What can international NGOs learn from the co-op way?

Members of purchasing co-ops and representatives of non-governmental organisations met at the NCBA event to discuss the issue

Co-operators have been showing leaders of international non-governmental organisations (INGOs) how they can collaborate and share resources to achieve scale.

The benefits of the co-op purchasing model were explored during a session at the NCBA Impact Conference in Alexandria, Virginia, which was attended by leaders several INGOs.

Purchasing co-ops exist across different sectors in the US – notably ACE Hardware, True Value, Ocean Spray, Shoprite, Carpet One and Best Western. They enable organisations to collectively purchase inventory and share common services such as accounting, insurance, benefits, training, marketing and others.

Sam Worthington, chief executive of InterAction, said the world had become a better place also due to the work done by INGOs – but warned that fundamental forces are changing what international development means.
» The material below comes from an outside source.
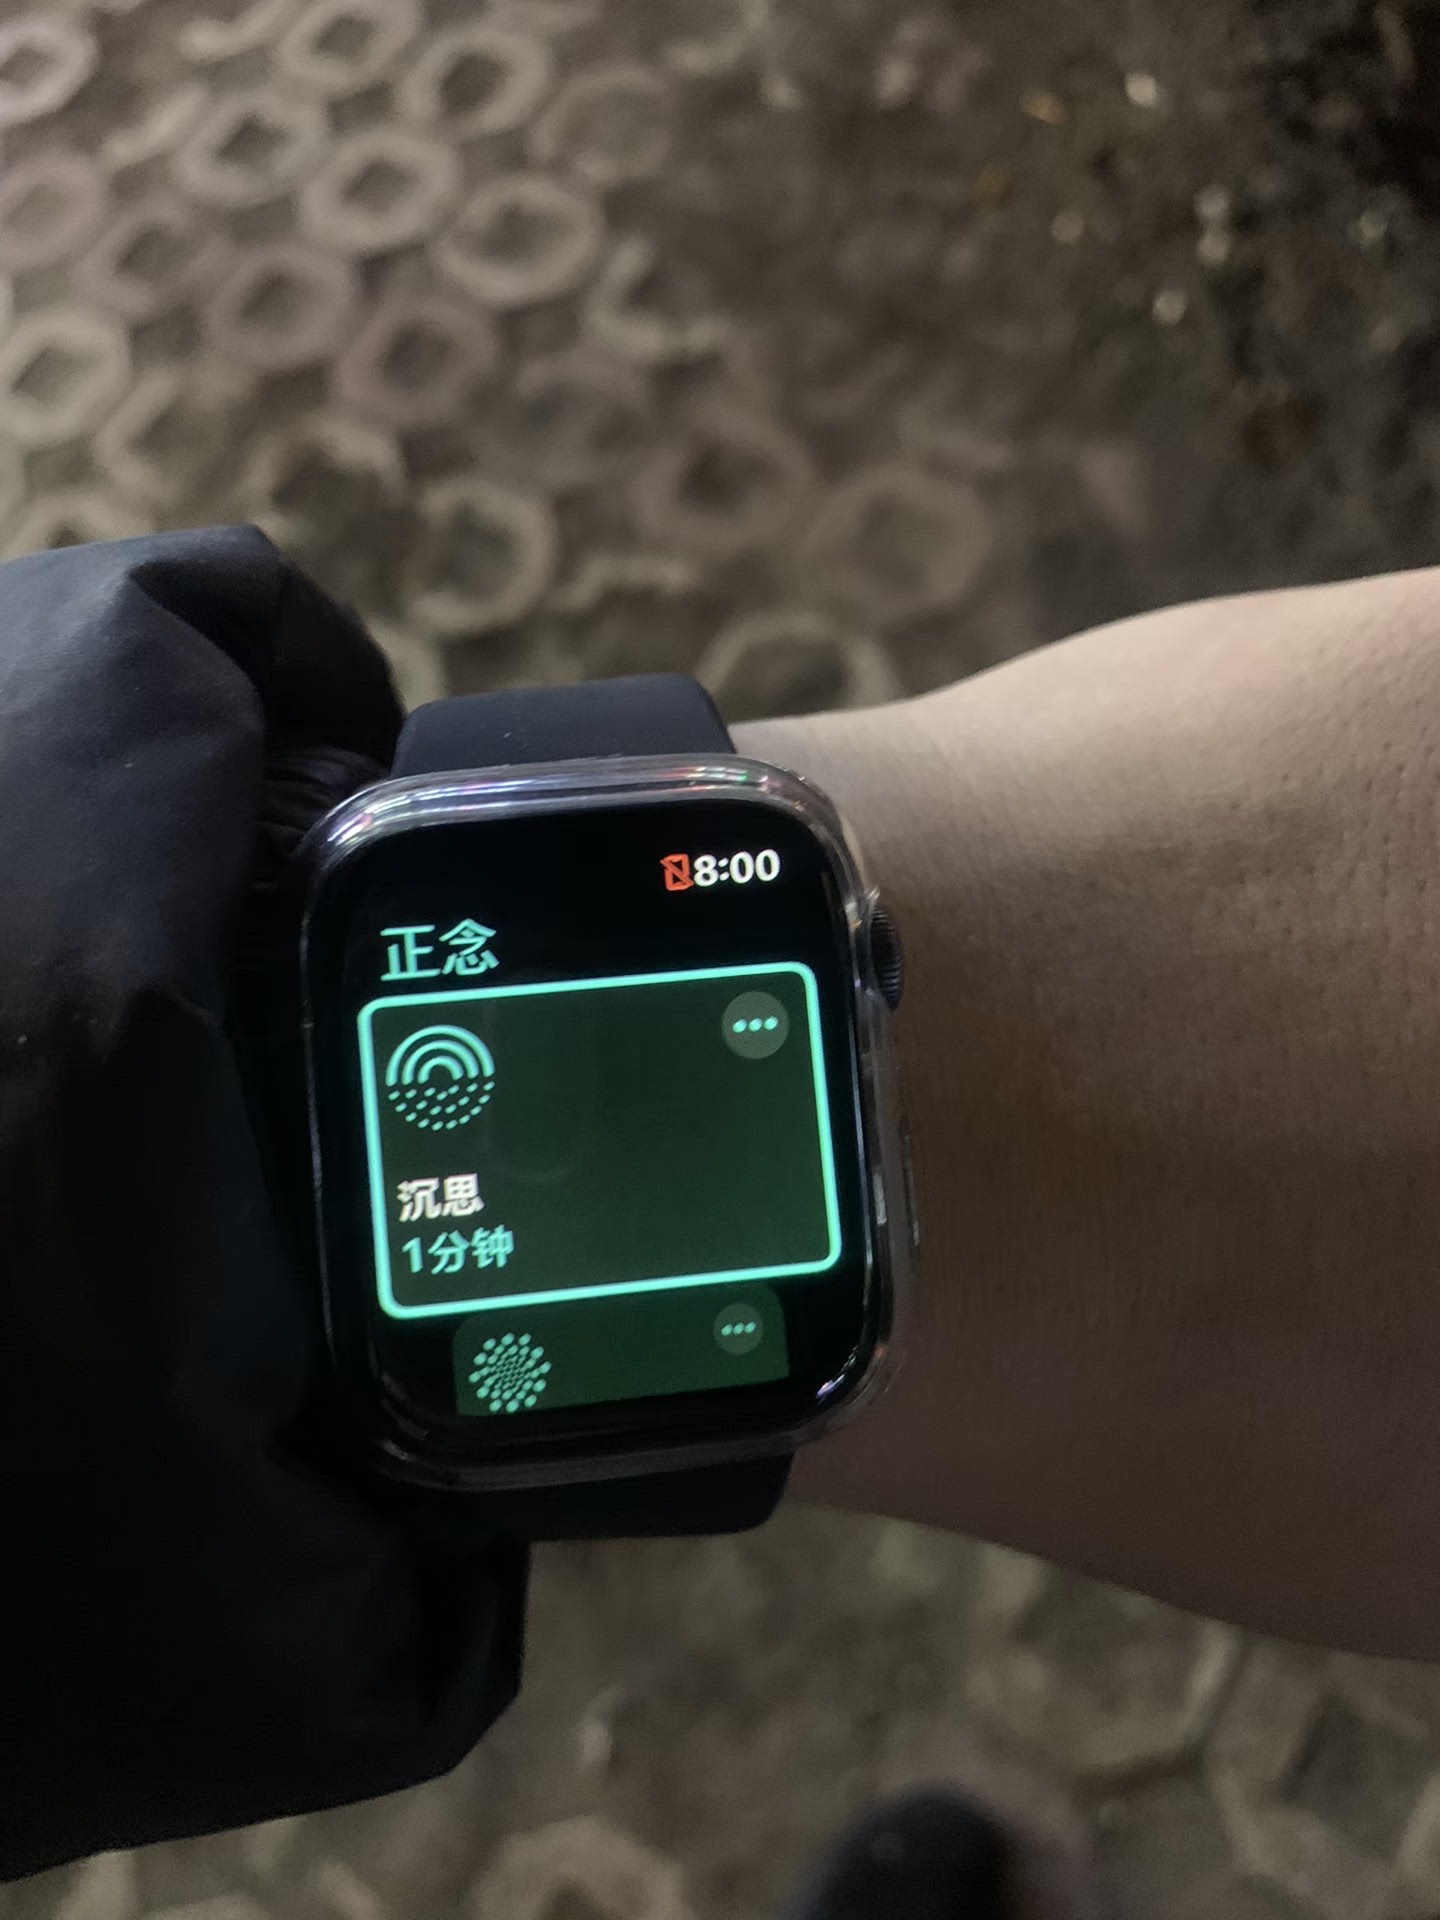 2、Apple Watch GPS版本可以接电话吗？

At the same time, NGOs face a number of challenges including a decline in support from the federal government, a drop in philanthropy and private sector actors entering the international development space.

Rosemary Mahoney, principal of Mahoney Consulting, said INGOs should collaborate and share costs for back-office expenses. She has been involved in the sector for 30 years, participating in international co-operative development projects and co-operative and nonprofit projects in the US.

Tom Dente, president and chief executive of Humentum, said the increasing pressures on INGOs meant it would be hard for them to carry on as normal, and advised them to focus on efficiencies.

Humentum was formed with the merger of InsideNGO, LINGOs, and Mango. InsideNGO had been set up by APVOFM and the Personnel Co-op, which joined together to form a new organisation. It combines the three organisations’ areas of expertise in learning, capacity building, and essential operations capabilities, delivering nearly 400 learning events a year.

“There are opportunities to share spaces, travel expenses or health benefits. If you are larger you have more purchasing power but if you are small you don’t,” said Mr Dente.

The NCBA panel looks at the issues of purchasing faced by INGOs

Bruce Carrozzi, divisional vice president, Retail Growth, True Value, shared the experience of his organisation, which was founded as a buying co-op to compete with bigger stores.

One of the world’s largest member-owned co-operatives, True Value operates in 58 countries with more than 4,000 retail locations, 13 regional distribution centres and 2,500 associates. In 1972 it set up Member Insurance to meet the insurance needs of its members. The company grew rapidly and as the cost was getting out of hand, they offered three competitors a membership into the True Value Programme. The company acts as a separate organisation with each co-op represented on it.

Similarly, the Washington Interfaith Network established Community Purchasing Alliance, a purchasing co-op designed to help them save money on insurance, electricity and security.

“This co-op was formed out of an economic need in response to the recession of 2008-2009,” said Paul Hazen, executive director, U.S. Overseas Cooperative Development Council and president of the Community Purchasing Alliance.

The organisation realised utility expenses were a very significant portion of its members’ operating budgets and decided to facilitate a bulk purchasing effort. Twelve congregations purchased electricity together in 2011 and saved nearly $100,000. Two years later they conducted a feasibility study to explore the idea of becoming a self-sustaining purchasing co-operative. In 2014 CPA was officially incorporated as a co-op.

Panellists agreed that bringing together multiple organisations is not without difficulties. Tom Dente noted that they would have to agree on minimal standards for all INGOs. Mr Hazen pointed out that some organisations might be using different systems and technologies, which they might be reluctant to abandon just so they can use a common platform.

“The co-op allows you to have a level of specialisation that you don’t have on your own,” agreed Ms Mahoney. She added that the co-op would have to have some sort of audit function, just as individual organisations have in their in-house compliance.

What is needed to take the project off the ground? A key factor in making Community Purchasing Alliance a success was, said Mr Hazen, the high level of trust of all groups part of the Washington Interfaith Network – so that “people were keen to share information about their contracts”.

He added that new partners brought on board, as well as leaders, should share a vision. “We never go with the lowest price – sometimes maybe they are not paying employers a right wage or don’t recycle,” he said.

Another challenge is to maintain a personal relationship with members once the co-op scales up. “We had to use different types of technology, like remote meetings and webinars. We use the website for that type of interaction,” he added.

Mr Hazel believes the model could be applied to international development. “If we are doing that then we have more time for implementing programmes rather than spending it on negotiating contracts,” he argued.